Naja, es sei denn Programme wie Zonealarm oder Spybot halten eine schützende Hand drüber, das muß man dann vorher deaktivieren.


----------



## Atothedrian (25. September 2013)

Oft geht auch: Öffnen, editieren und woanders (z.B.) Desktop speichern, anschließend zum Zielort kopieren.


----------



## OctoCore (25. September 2013)

Maniskryptus schrieb:


> Einen Editor wie Notepad++ oder den Windows eigenen als Administrator Ausführen.

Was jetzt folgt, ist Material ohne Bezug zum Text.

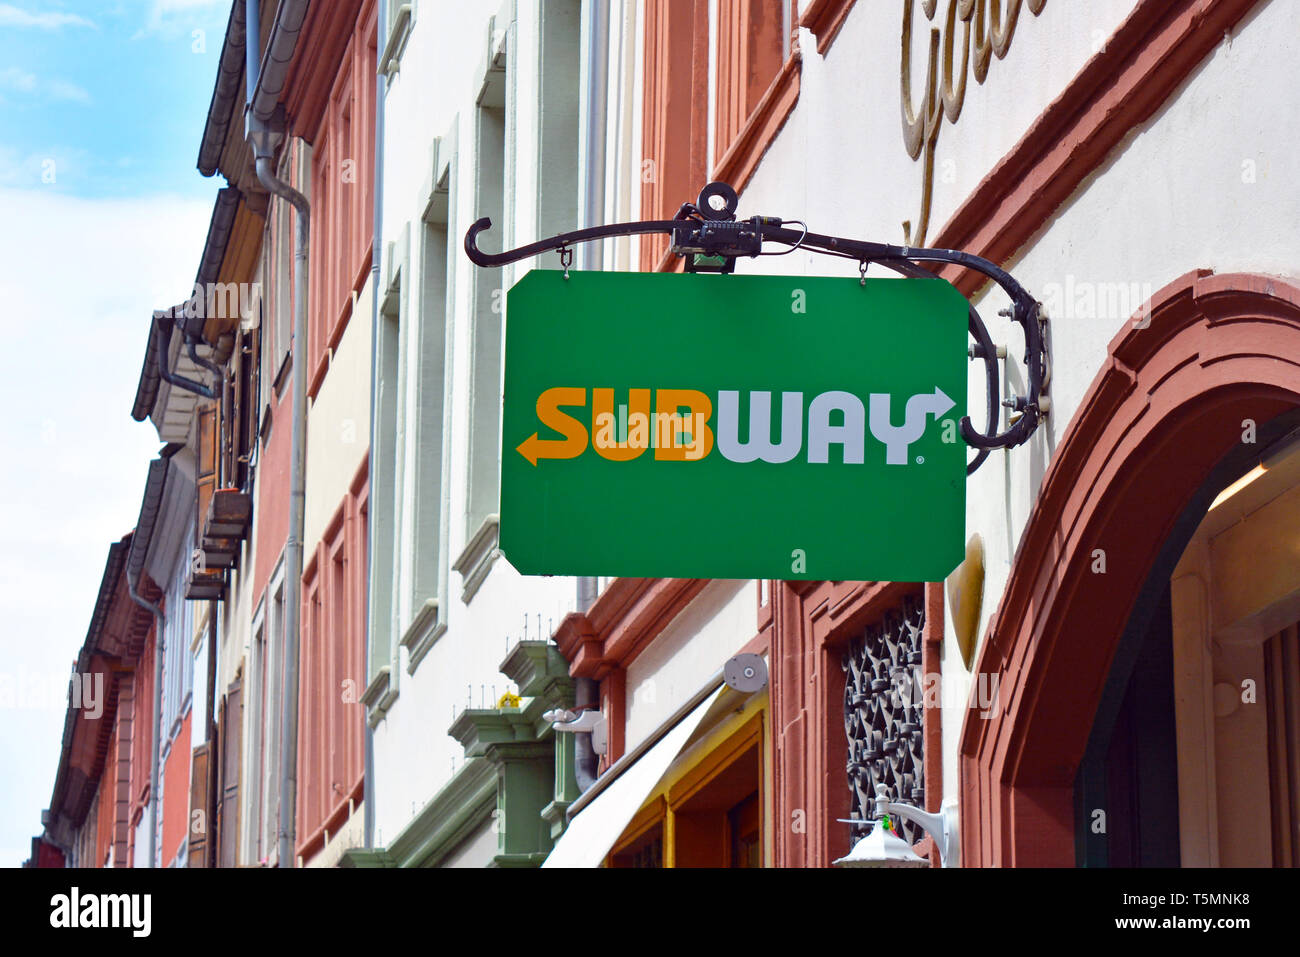 Tienda colgantes banner con logo de restaurante de comida rápida llamado franquicia subterráneos que vende sandwiches submarinos y otras comidas con la histórica vieja bui Foto de stock

Wie mein Vorredner schon sagte.
> 
> Und dann unter:
> 
> ...


 
Und darauf achten, dass der Editor nicht automatisch die Endung ".txt" dranhängt. 
Manchereiner macht das gern.
Die hosts-Datei hat keine Endung - eine hosts.txt wird einfach nicht beachtet.


----------



## alexx910 (25. September 2013)

Ich mach es mir ganz einfach, wenn ich die hosts-Datei zu editieren habe. Ausschneiden ausm WIN-Verzeichnis und zb. auf dem Dekstop bearbeiten, da man da nicht mit Problemen wie Admin-Rechten oder sonstigem Mist zu kämpfen hat. Nach dem Editieren abspeichern und zurück ins Original-Verzeichnis. Dann kommt natürlich so eine blöde Meldung von Windows, bestätigen und einfügen  Ohne zusätzliche Änderung der Einstellungen oder Installieren von weiteren Editoren.
PS: Benutzerkontensteuerung ist bei mir auf das 2. von Unten eingestellt.
mfg


----------



## zyntex (25. September 2013)

Mensch ja N++ als Admin starten und die Datei öffnen....war wohl zu  spät/früh um auf solch eine einfache Lösung selber zu kommen...
Danke euch allen.


----------



## Thegameone (25. September 2013)




----------